When education professor Clayton Smith set out to teach the undergraduate course Learning Organizations: Management and Leadership, he found no textbook encompassed the material he wanted students to have — so he wrote one.
Together with master’s student Carson Babich and Mark Lubrick, learning specialist in the Office of Open Learning, Dr. Smith has published Leadership and management in learning organizations as an open educational resource (OER) through eCampus Ontario, with support of an Office of Open Learning OER ACE (Adopt, Create, Extend) grant.
The format allows instructors anywhere in the world to freely access the book and repurpose it for their students, as long as they republish the modifications.
“It makes for better teaching, makes for better learning, and certainly reduces the cost to students,” says Smith. “The downside is it takes a lot of time to develop.”

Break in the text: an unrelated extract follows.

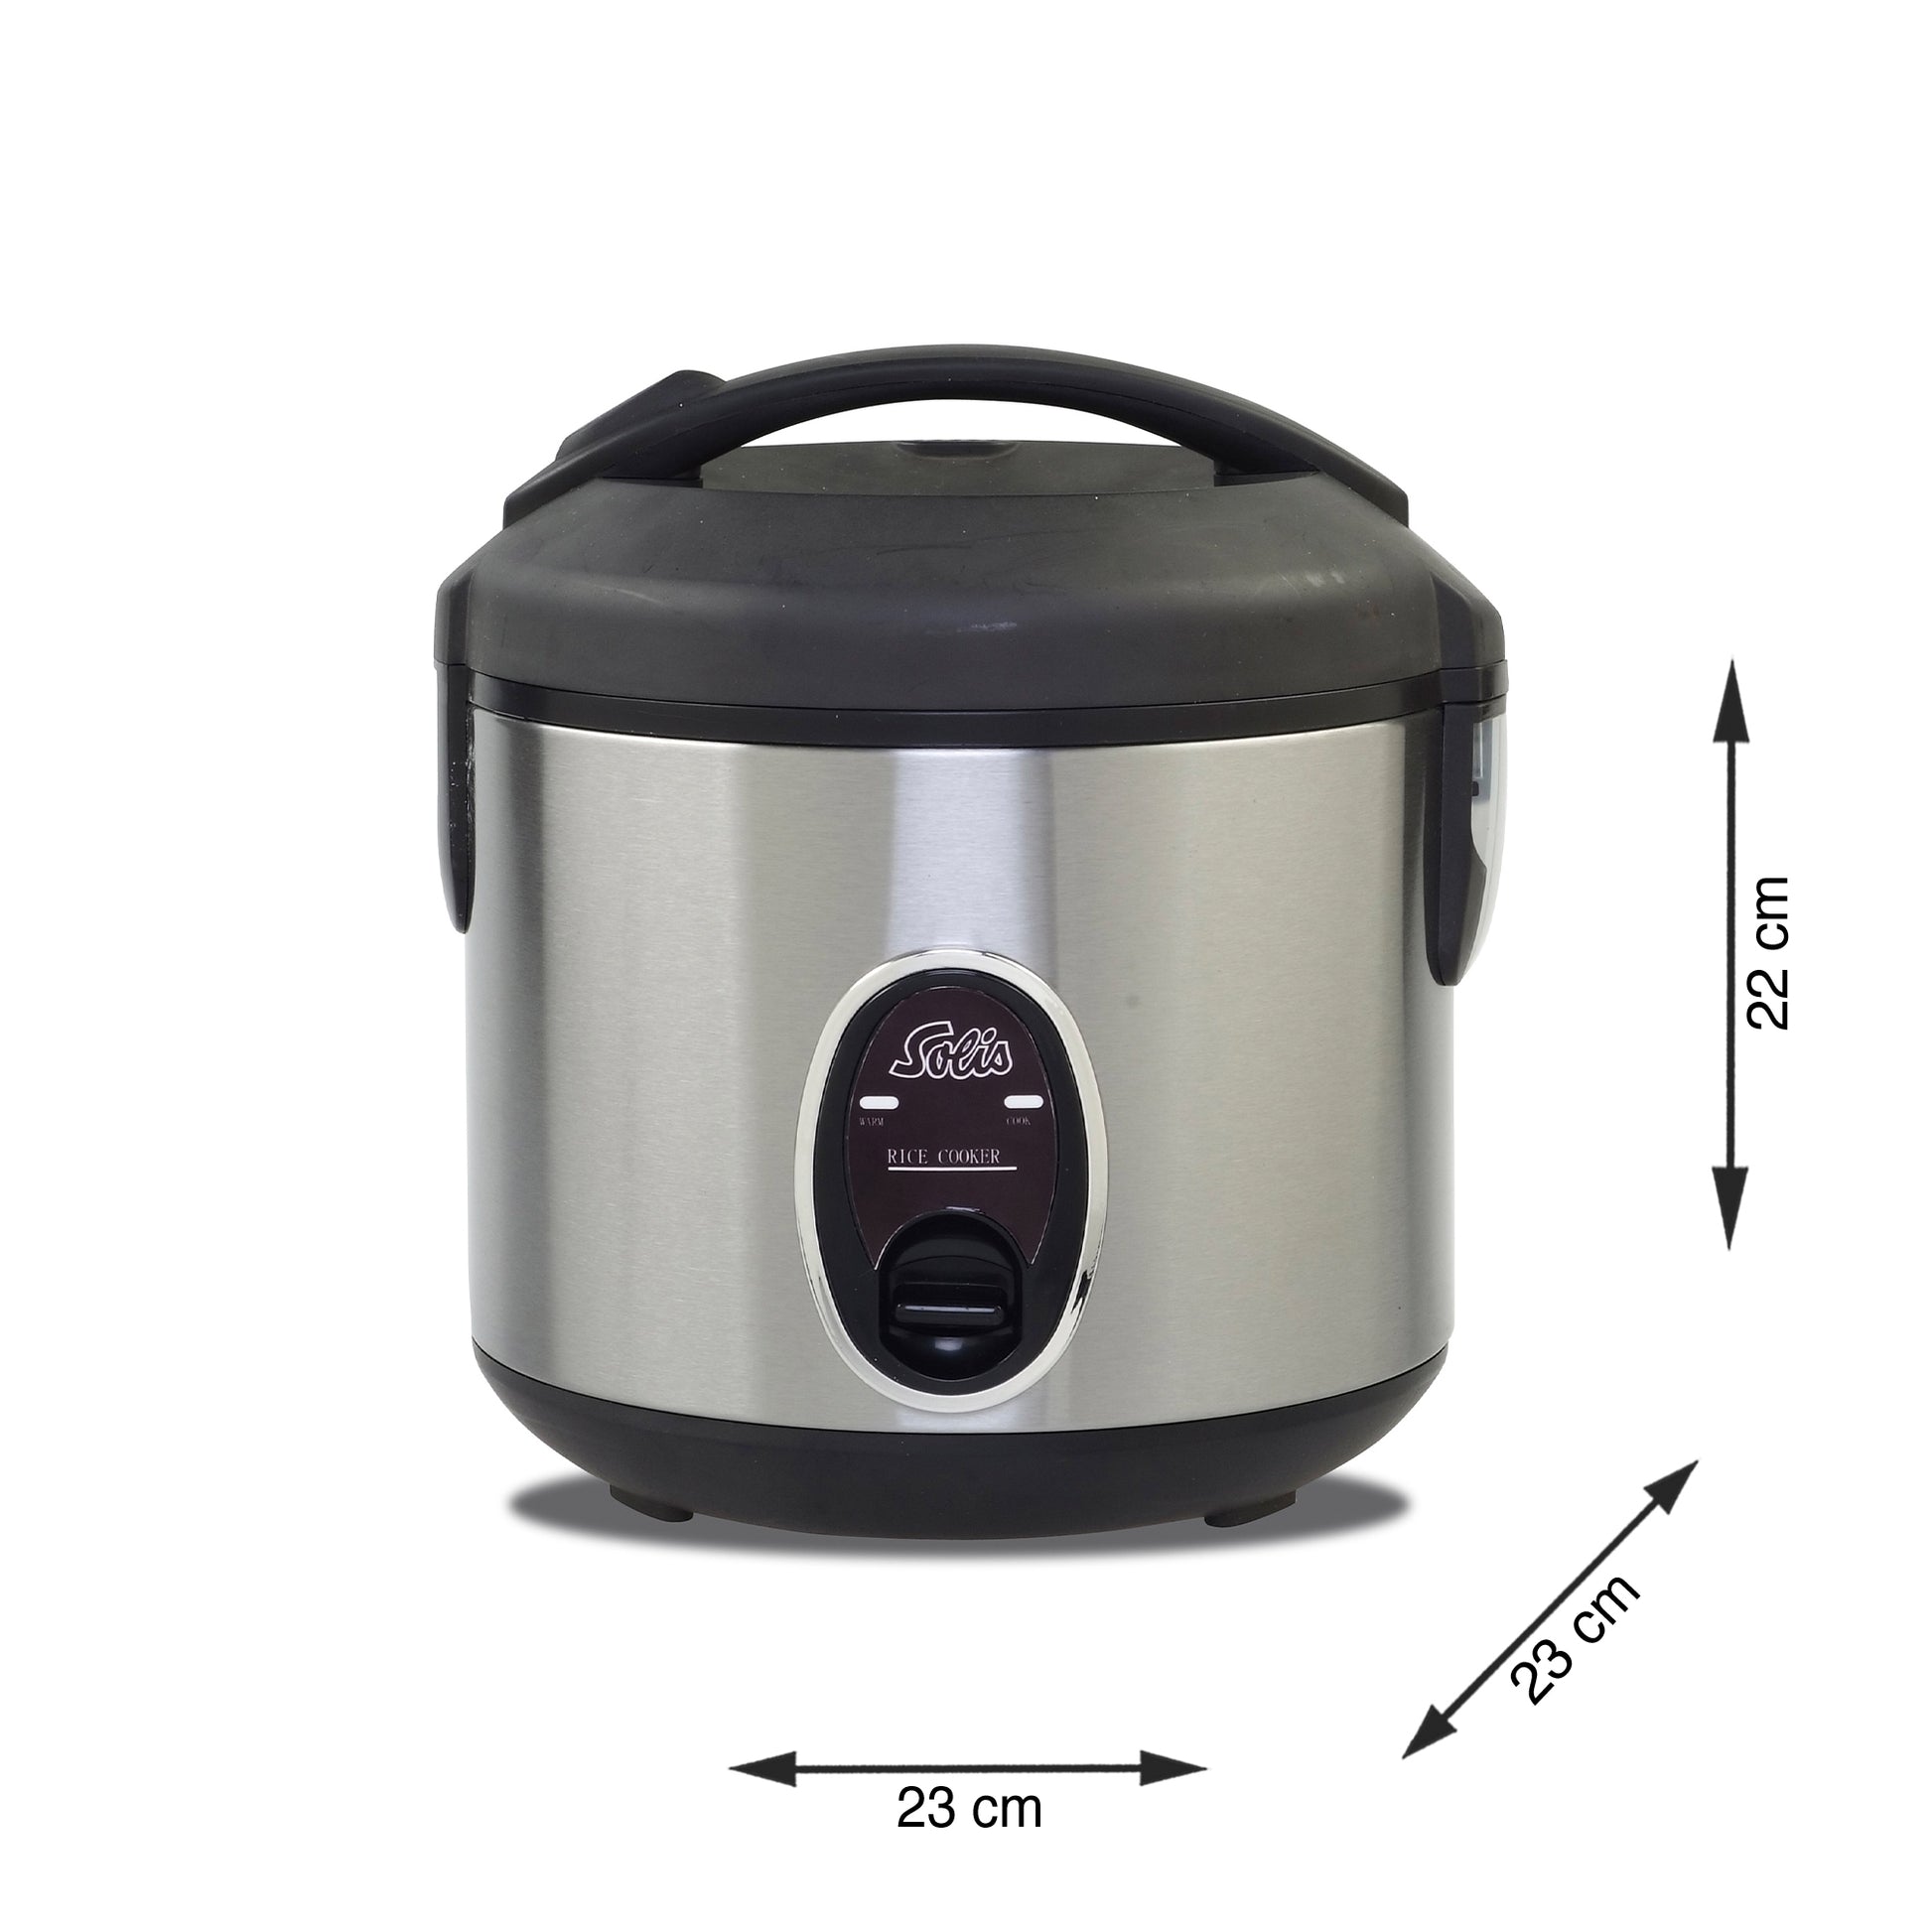 Rice Cooker Compact (Typ 821) B-Ware

He estimates the team spent eight to nine months on this book, but adds that making enhancements and modifications will be easier than with a printed text.
“I’m already thinking about producing another OER next year,” he says. “The idea is that we need to do more to make our resources open to the world and this is a pathway to that.”
The course and this text address understandings of leadership and management, learning principles and ethical implications, teamwork, and building a cohesive nature through diversity. The class is required to earn the minor in organizational learning and teaching, which is directed at undergraduate students in majors other than education.
“Learning organizations can be schools and post-secondary institutions, but they can also encompass corporate training, coaching, or human resources,” says Smith. “Any organization whose primary purpose is transmission or creation of knowledge.”
Babich had taken the course and was inspired to pursue further study in education; he is now working toward his M.Ed and has received a Research Stimulus Fund grant to assess the impact of OERs on student affordability and teaching and learning effectiveness.
“This minor program enrolls students from across the university who are seeking more knowledge and skills related to educational topics — they can be in psychology, human kinetics, or business,” Smith says. “They’re just finding they should be thinking about the principles and theories of pedagogy before they find themselves in a managerial position overseeing this type of work.”